Любим с туманной надеждою устало смежил веки, ожидая странного любовного зова, его медвежеватые глазки густо опушились темными ресничками, и сквозь колышащую тревожную завесу он всмотрелся в бронзовеющий купол над головою с алыми пролысинами наступающей зари; и почудилось ему небо громадным праздничным столом, уставленным брашном и питиями, где среди позлащенных сосудцев, и кубков, и серебряных росольников, и тарелей мостятся бородатые и кучерявые мужи и вовсе вьюноши с ангельским взором. И пристань тут же позади трапезы, состроенная из бело-розового мрамора, и у прибегища, полоща полуспущенными парусами, толпятся лодьи, и шняки, и кочмары, и барки, и всякая мелкая речная посуда… Вдруг над гостевым столом распахнулось косящатое оконце, и просунулась огненно-рыжая борода и стрельчатые усы… Но дальше Любим ничего не разглядел: сквозь наваждение просочился грубый голос воеводы:
– Эй ты… Разлегся. Как у бабы на перине… Да, ты, стремянный! Слышь, Ванюков? Не баринуй, когда другие сопли на кулак мотают. Не услышишь, как и голову под топор…

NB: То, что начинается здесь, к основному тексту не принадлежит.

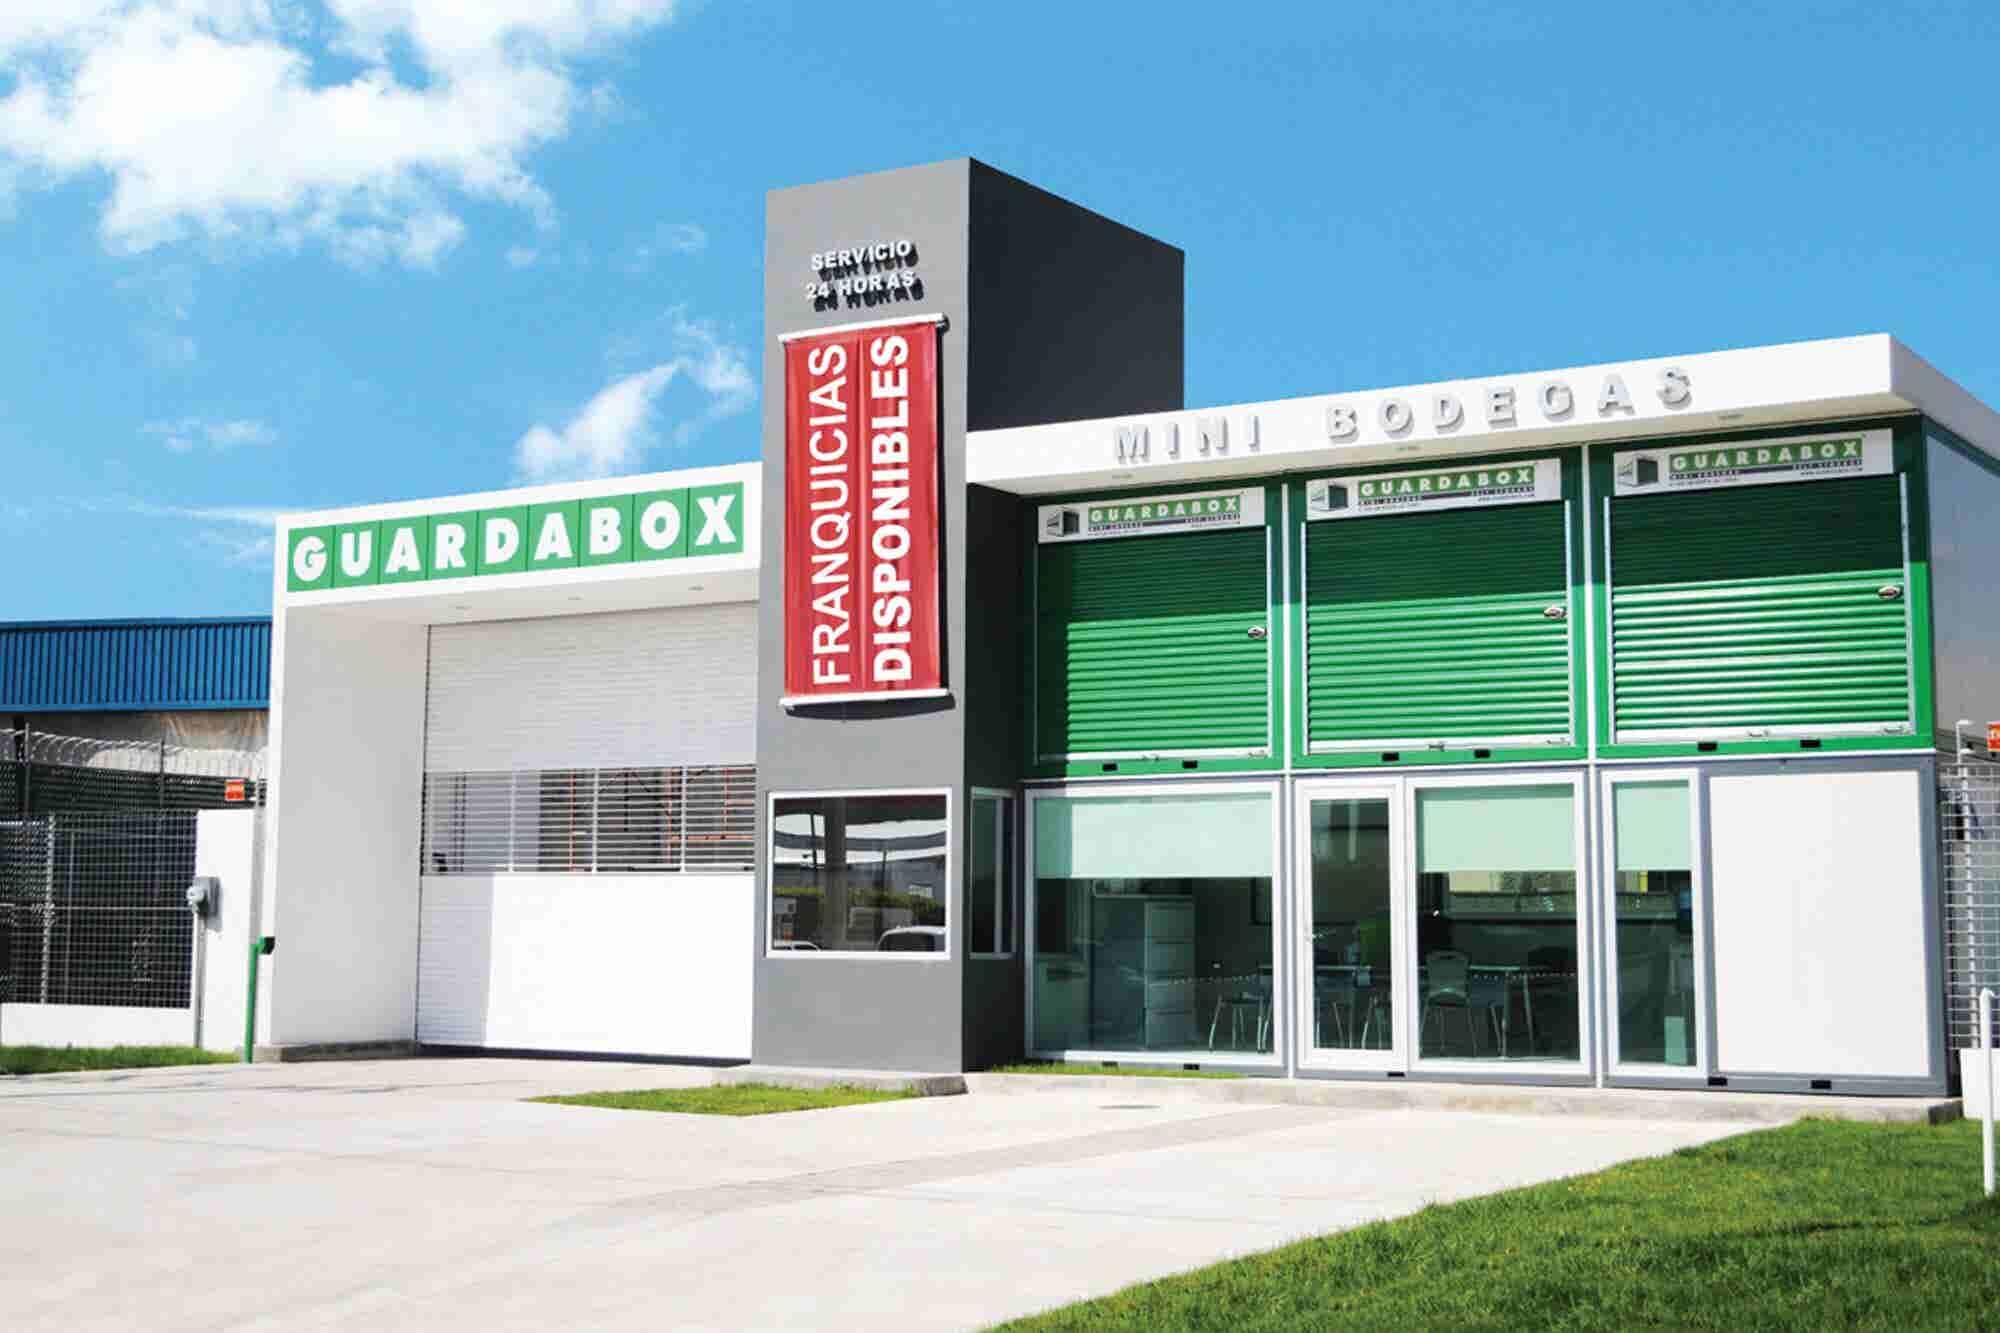 Guardabox la mejor inversi贸n para almacenar retails
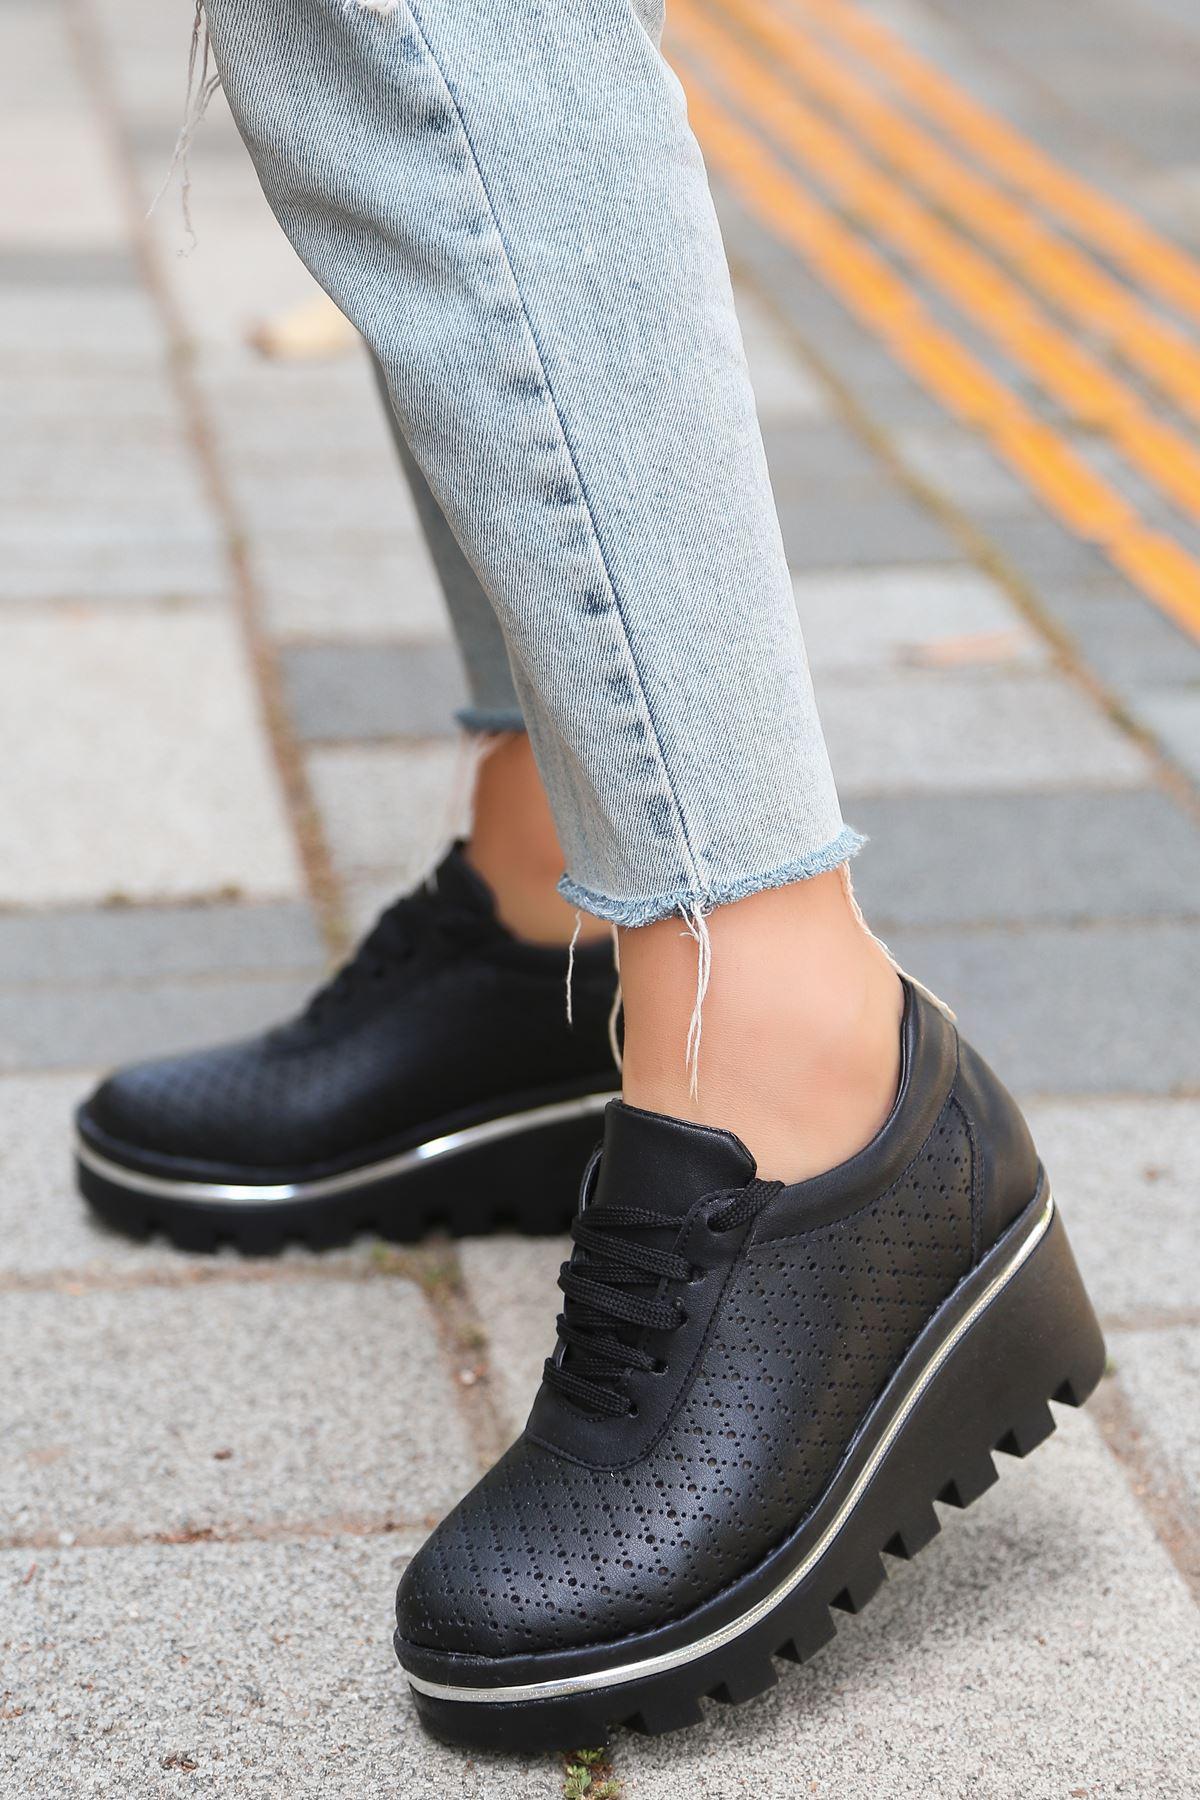 Jessie Mat Deri Bağcık Detay Lazer Kesim Dolgu Topuk Ayakkabı Siyah

Но Любим лишь лениво, сквозь дрему, скосил взгляд на Мещеринова. Тот мостился на завалинке, набычившись, не зная, на ком умирить гнев; меж колен сабелька турского дела, правая рука на крыже, изукрашенном чернью. На боку кинжал шкоцкого дела со вчиненным пистолетным стволиком, у стены окопа прислонен бердыш с хитро вставленным в ратовище дульцем солистра. Любил воевода ухищрения и ухорошки, и красовитое доброе оружье, коим лишь и стоит похвалиться служивому…
… Да кто ему воевода? Пристал, как репей в собачий хвост… Как телеге пятое колесо, как смычок барабану, что козлу коний хвост. Чего хочу, то и ворочу! И даже слезная жалоба Мещеринова в Тайный приказ навряд ли смутит тамошнего дьяка и наведет на стремянного грозу. Кто ближе всех к царю? кто пред очима постоянно стоит, как только сбирается государь на войну, иль в ближний поход, иль на службы по монастырям, иль на птичью охоту и зверные ловища? Да это он, Любим Ванюков, по прозвищу Медвежья Смерть, ведет запасного царского коня; это он угождает державному в тягостях и ловит его желанья, и своею грудью караулит изменщицкую пулю и стрелу. А Мещеринову и удастся-то предстать пред государя, ежли шибко похлопочут именитые родичи…
Взгляд у воеводы стух, глаза затосковали, стали собачьими.
Подкузьмили Кузьму, подъеремили Ерему; не будь к каждой бочке затычкой; глядишь, и Господь повернется к тебе лицом, – зажалел Любим воеводу. Ведь и тому несладко жилось, не одни меда и сдобные перепечи; и над ним, борзым кобелем, свой псарь с арапником.
Любим сдался, придвинулся к воеводе.
– Толкуют с Москвы: де, улести их, воров, медами; де, сахарной головой примани. Да их не поколеблешь посулами, раз на смерть встали. Этих злодеев огнем-дыбою разве и проймешь, – зажалобился Мещеринов тусклым голосом. Говорил он почти шепотом, оглядываясь по сторонам, словно бы кругом чужие невидимые уши понасажены. Любим же молчал, лишь сверлил пустым взором туманную даль, где просеивались первые искорки звезд. За спиною в двадцати саженях лежал Ефим Бражников, а душа его уже воспарила над Большим Соловецким островом и, успокоенная, нетревожная, теперь не жаждала чужой крови и мятежной головы.